Exercises for Practice

Exercise 1: Change n_components to 0.90, 0.95, and 0.99; compare retained components and CV accuracy.

Exercise 2: Force PCA to 2, 5, and 10 components; compare confusion matrices for each.

Exercise 3: Skip scaling intentionally and observe variance/loadings distortion.

Exercise 4: Compare top loadings for PC1 and PC2; write one interpretation sentence for each.

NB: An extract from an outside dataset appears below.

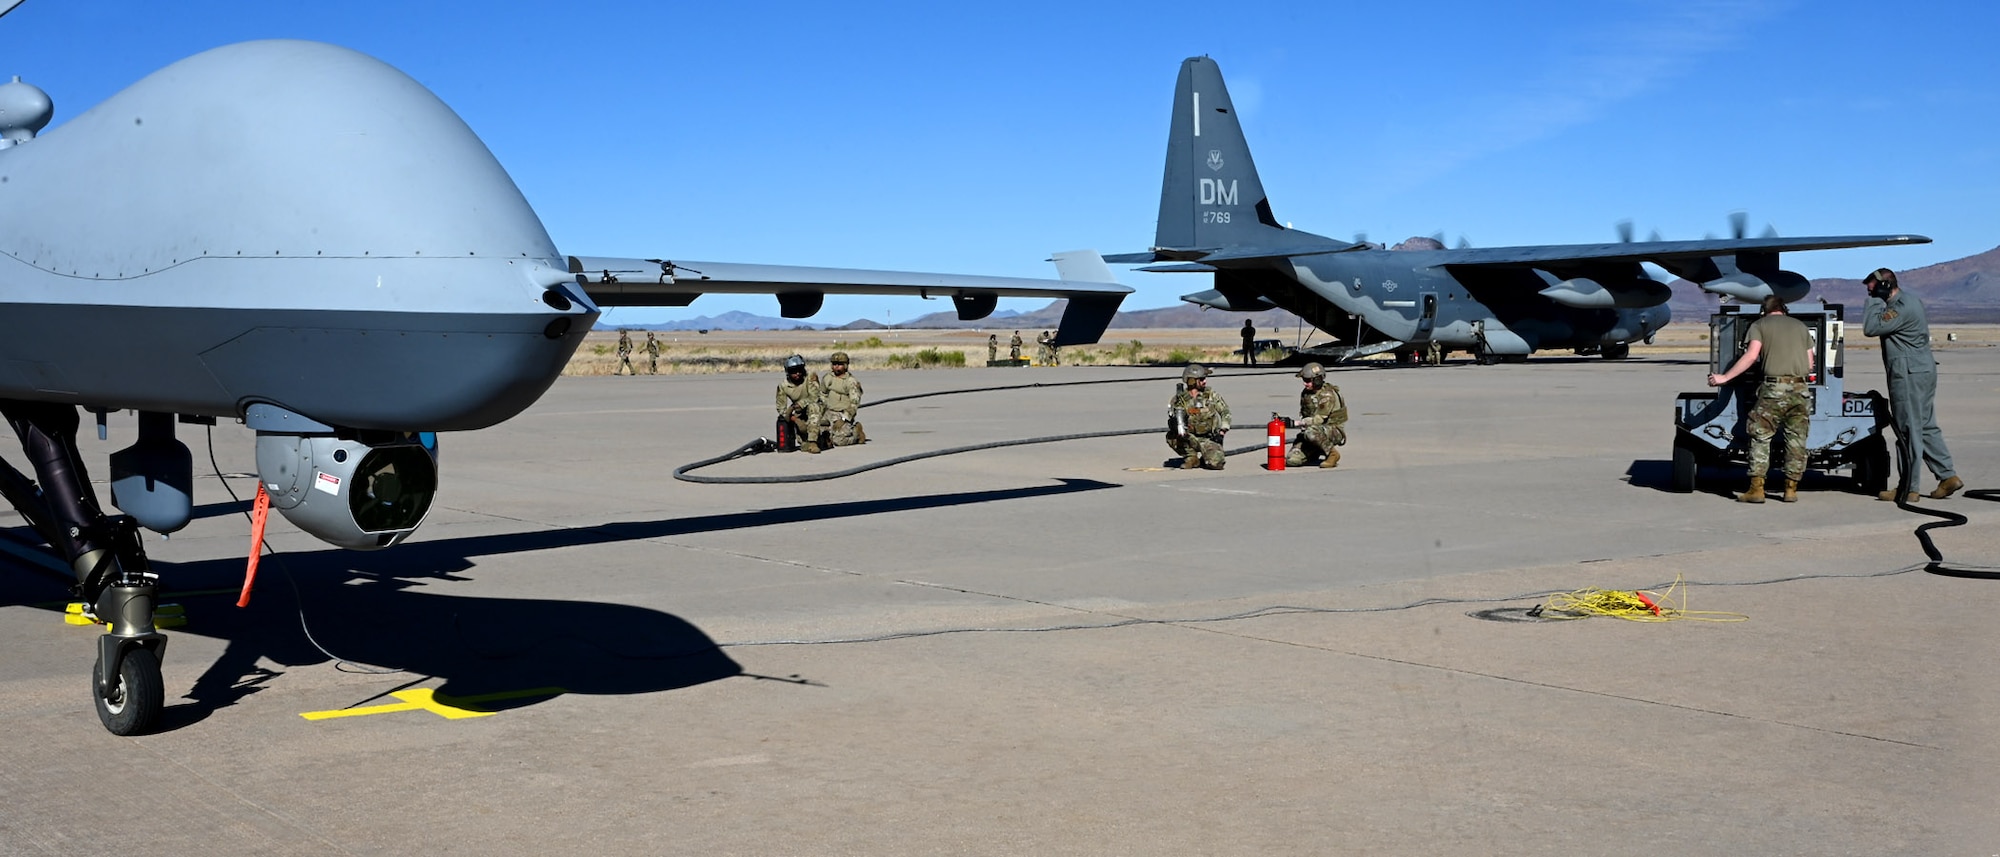 U.S. Airmen assigned to the 355th Logistics Readiness Squadron prepare for a forward area refueling point during Exercise Agile Angel at Fort Huachuca, Ariz., Feb. 20, 2024. The purpose of FARP operators was to expeditiously transfer fuel from a tanker aircraft into a receiver aircraft, while aircraft engines remain on. (U.S. Air Force photo by Staff Sgt. Abbey Rieves)

Exercise 5: Run 5-fold and 10-fold CV for baseline vs PCA-95%; compare stability.

Exercise 6: Replace Logistic Regression with SVC and test whether PCA helps speed and accuracy.

Exercise 7: Keep only top 5 raw features (no PCA) and compare with PCA-95% pipeline.

Exercise 8: Increase test_size from 0.2 to 0.3 and compare model drift with and without PCA.

Exercise 9: Repeat the same template on load_wine() and compare how many components are needed for 95% variance.

A practical PCA workflow is: scale first, inspect explained variance, pick components by retention target, validate against no-PCA baseline, and interpret loadings before final model decisions.